The task: Please find the line that holds "Golani Unicask Brandy Oak Cask Strength" below and reproduce it, along with every line after it through the end, exactly and without pictures.
Information supplied below:
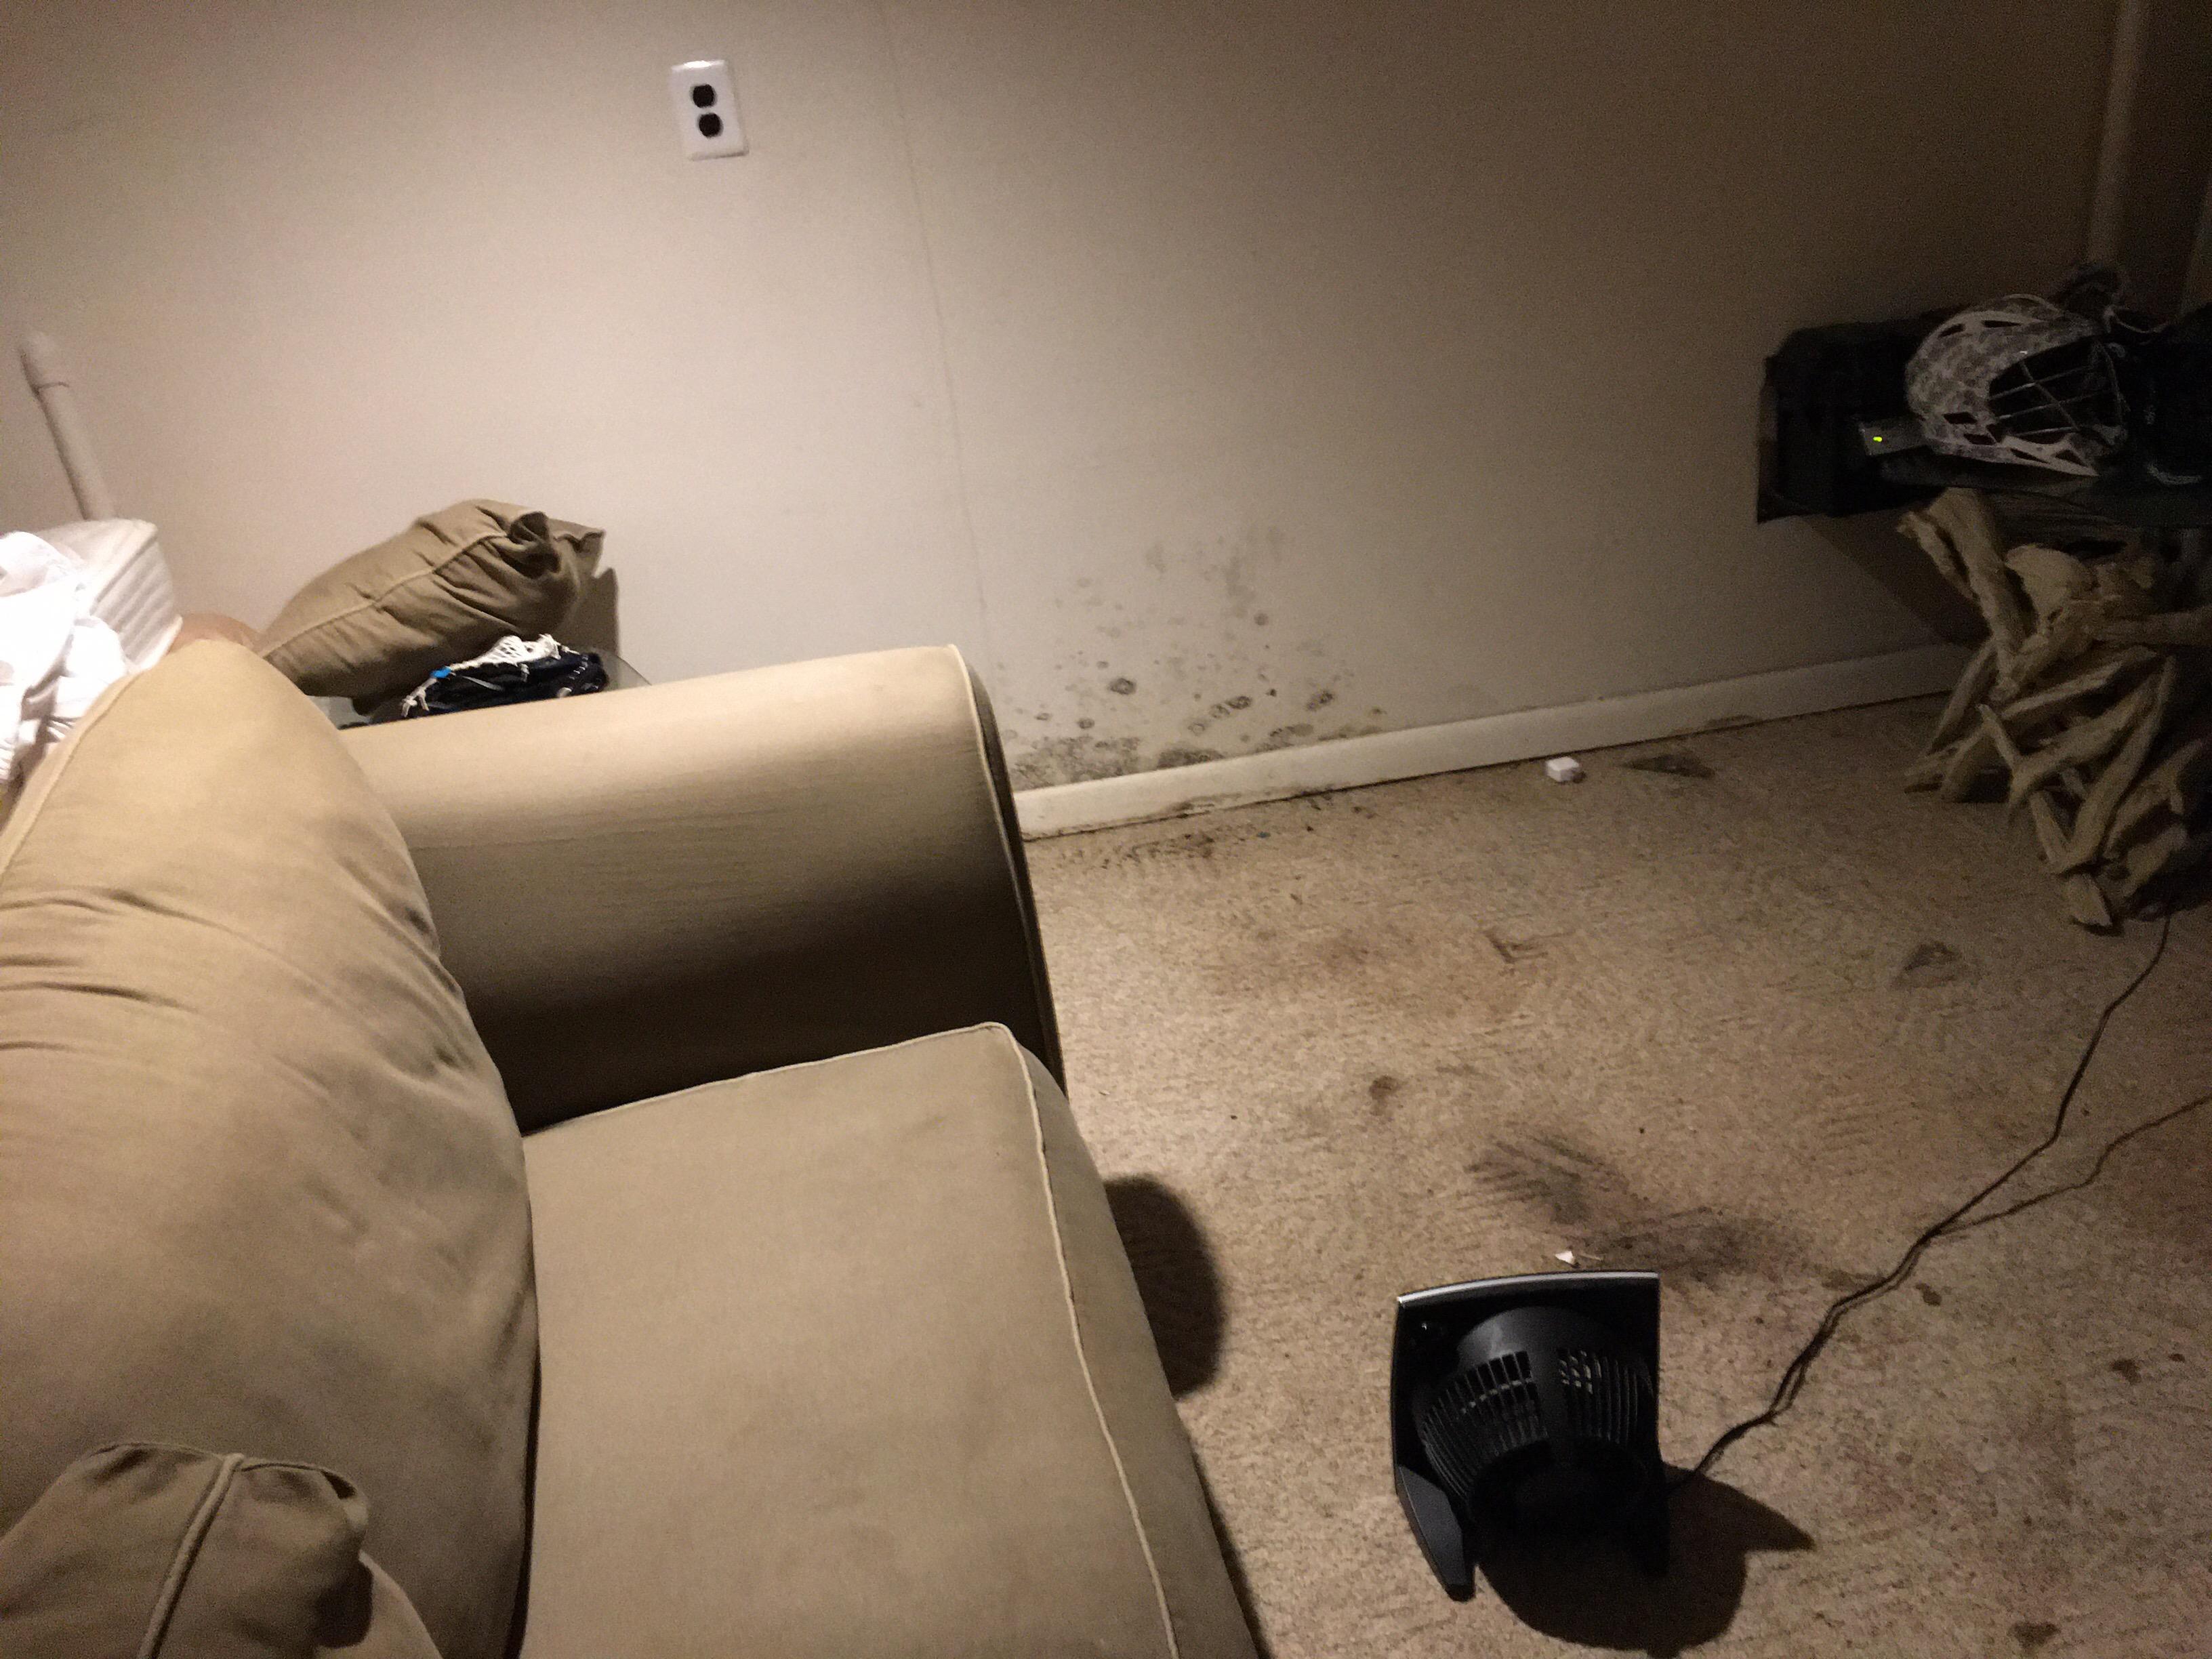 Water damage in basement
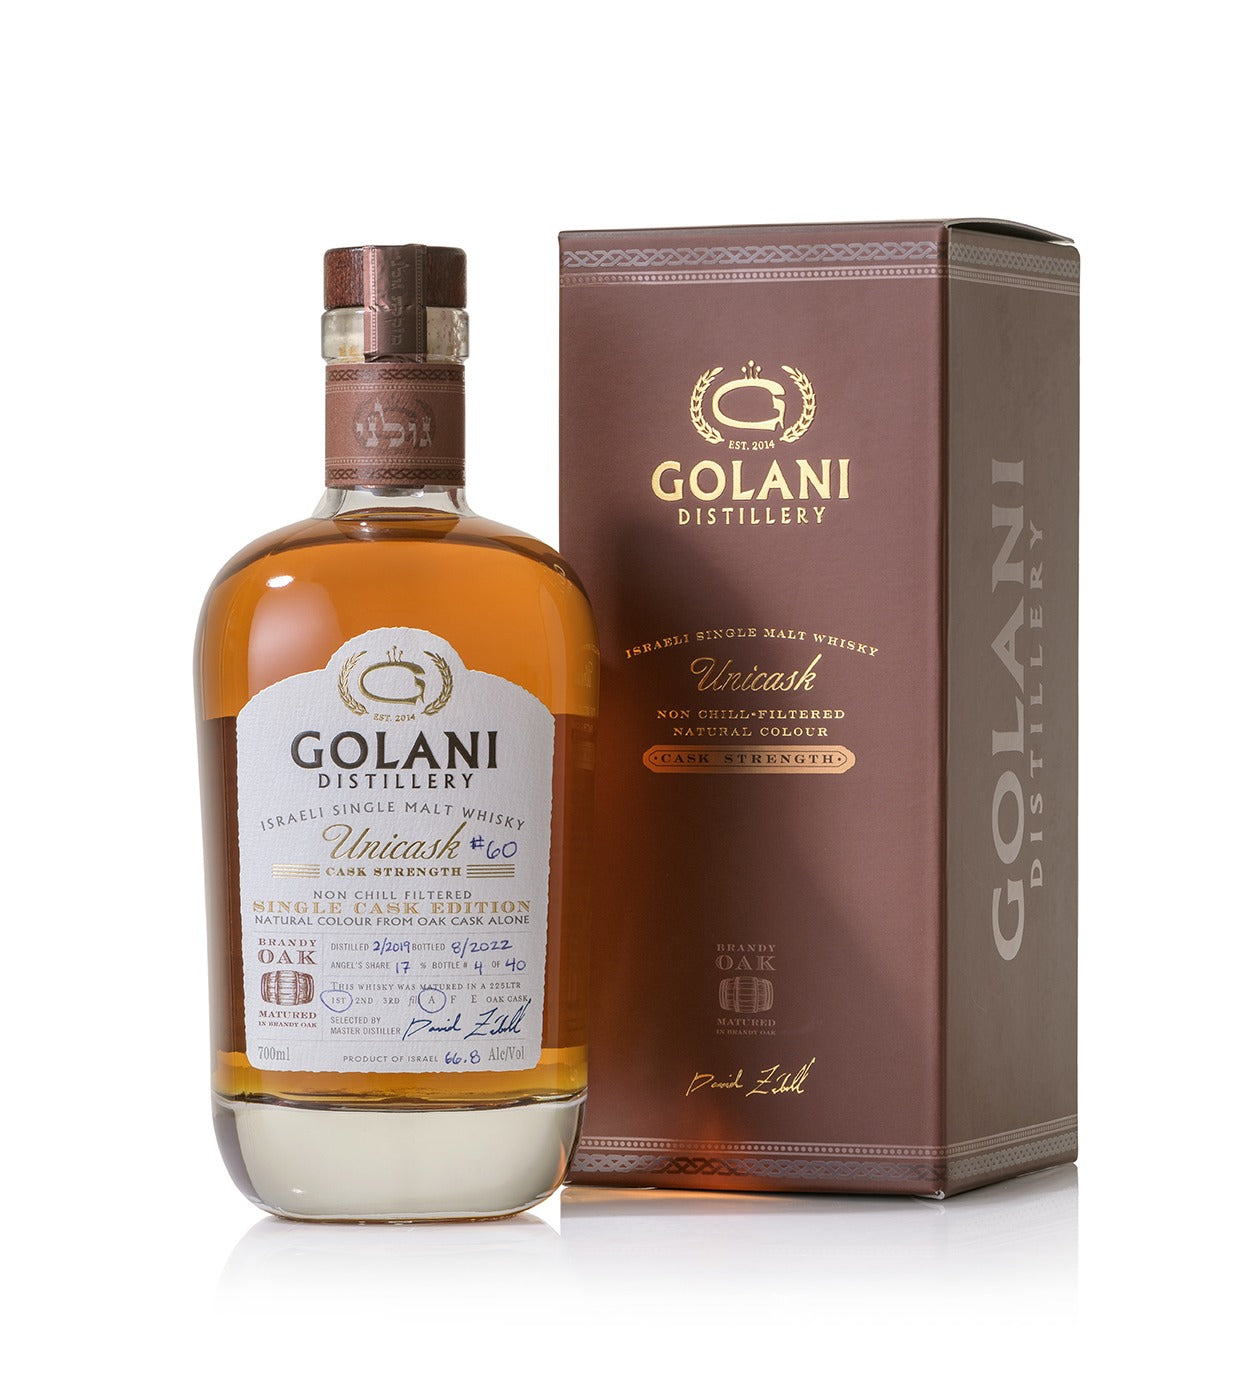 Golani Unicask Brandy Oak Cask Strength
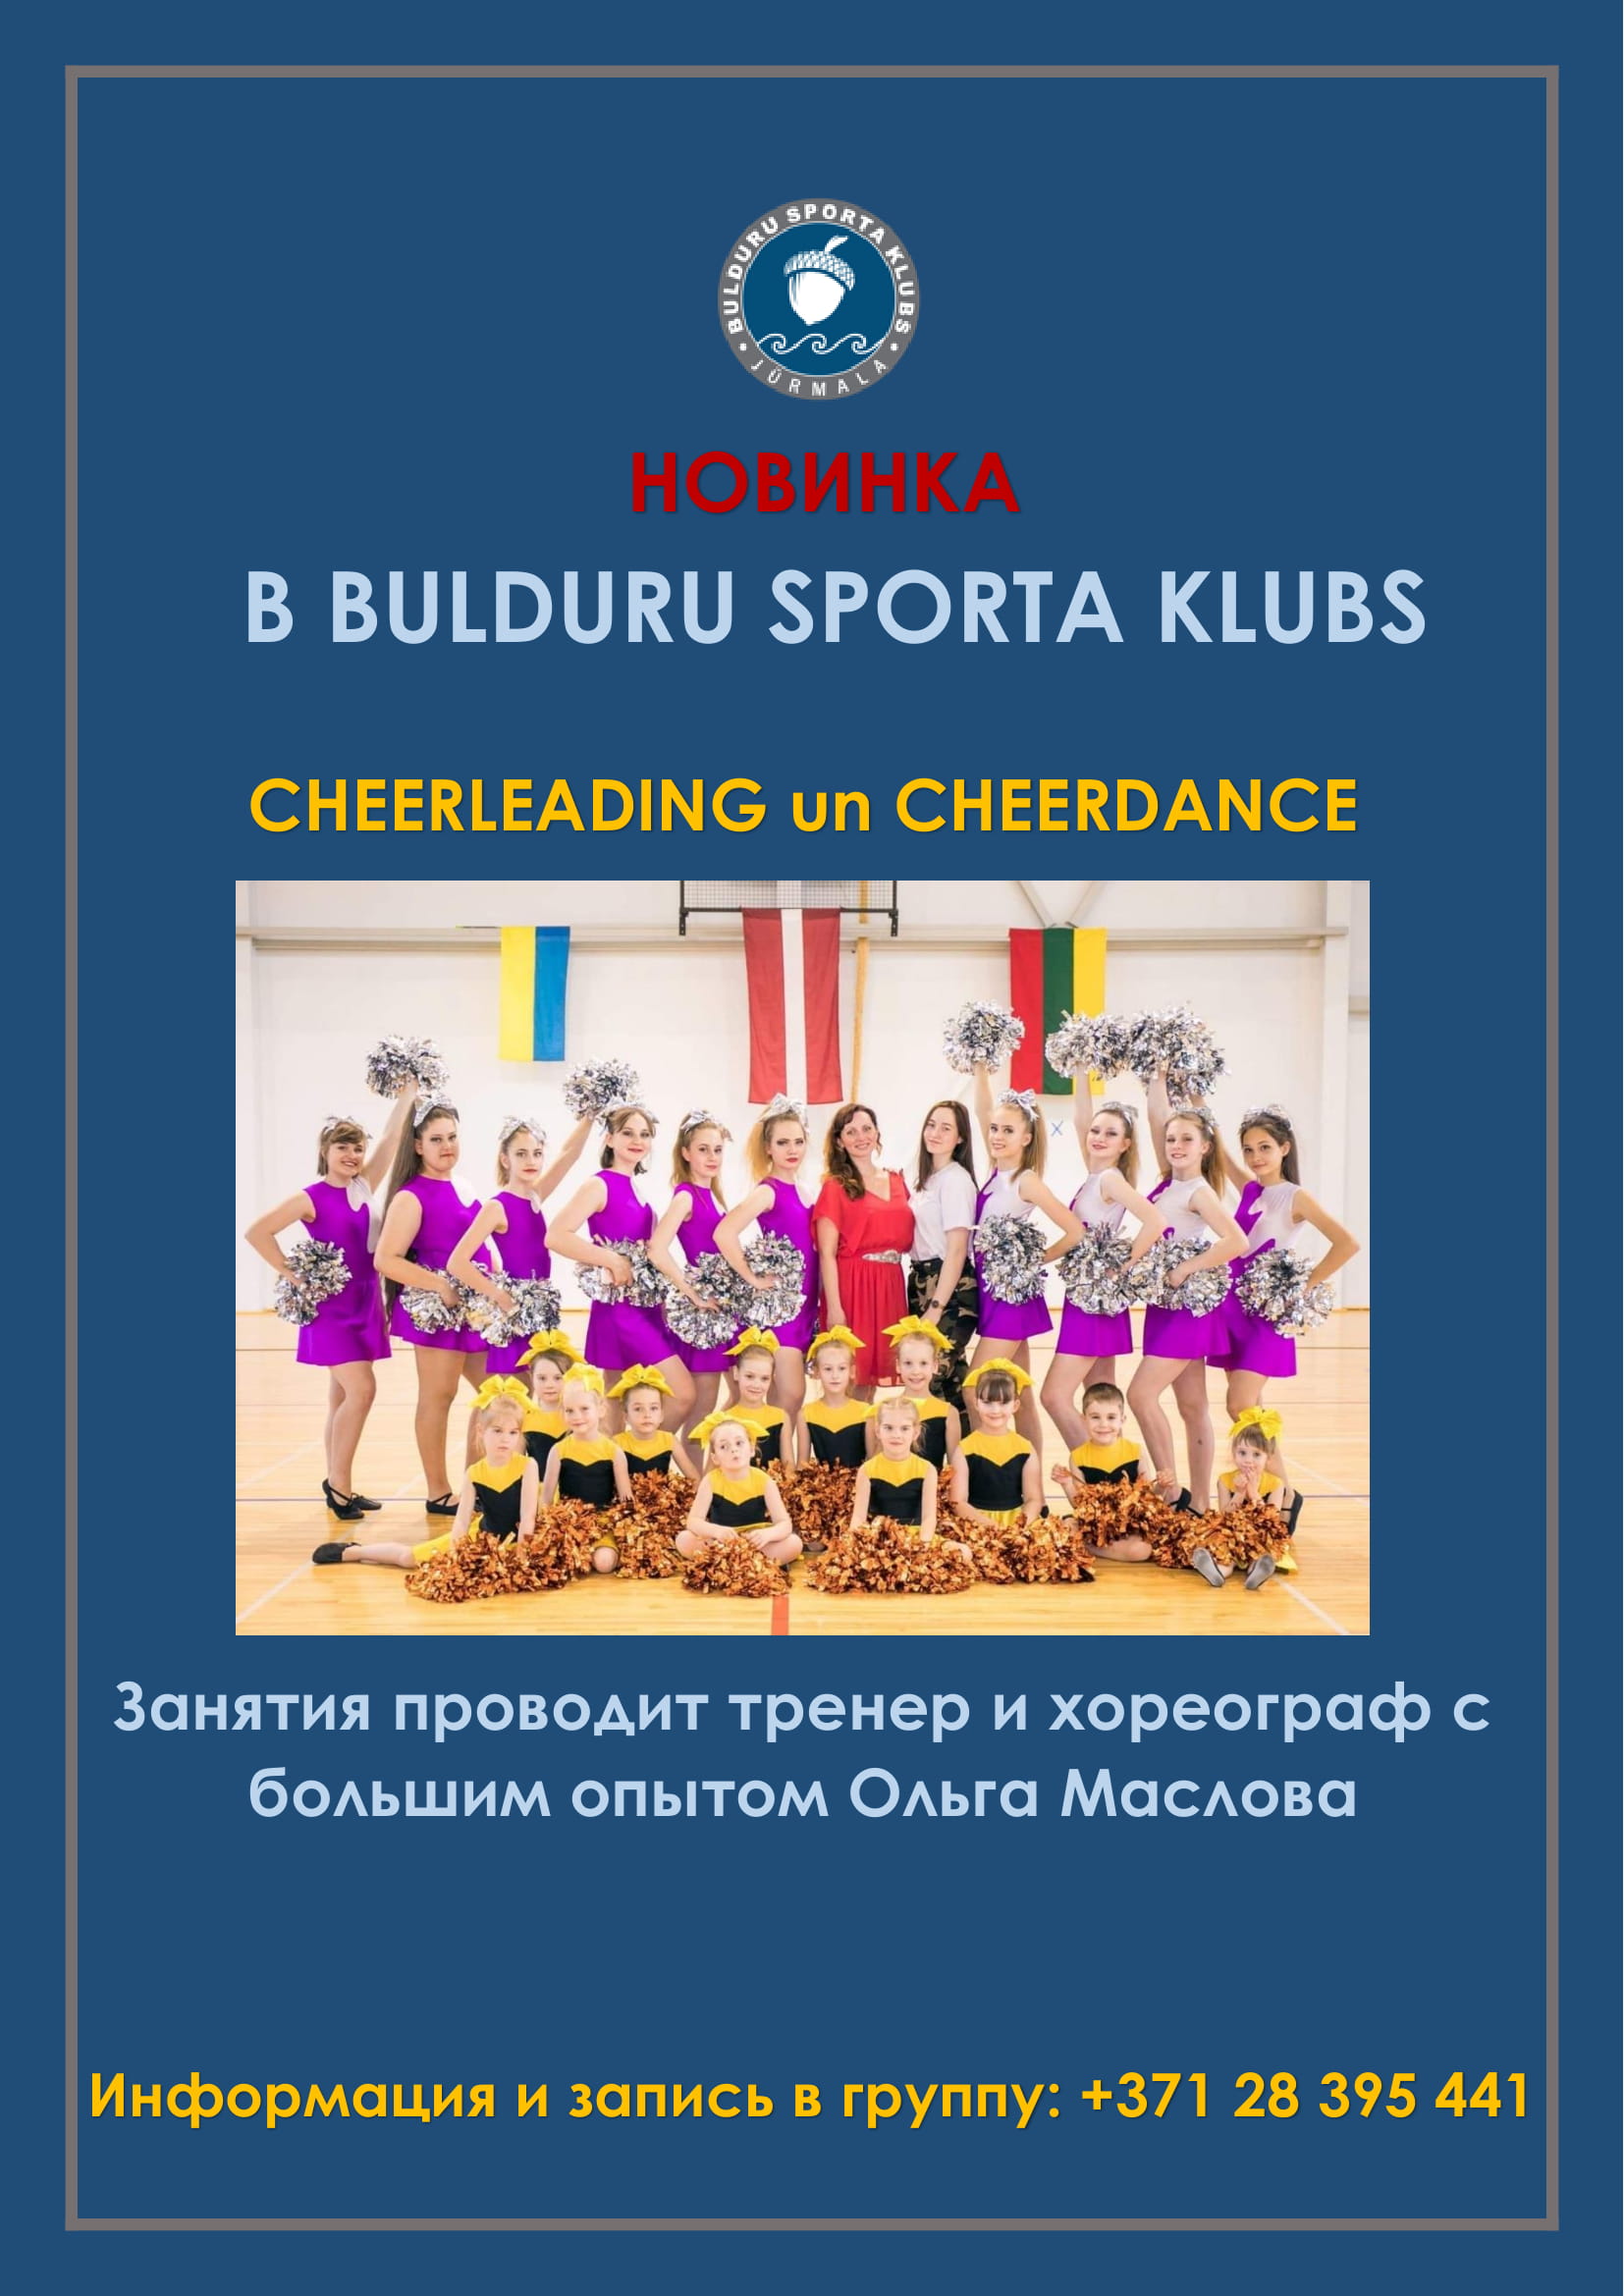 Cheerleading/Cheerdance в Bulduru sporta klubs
End of Information supplied.
Answer:
 Golani Unicask Brandy Oak Cask Strength
 Cheerleading/Cheerdance в Bulduru sporta klubs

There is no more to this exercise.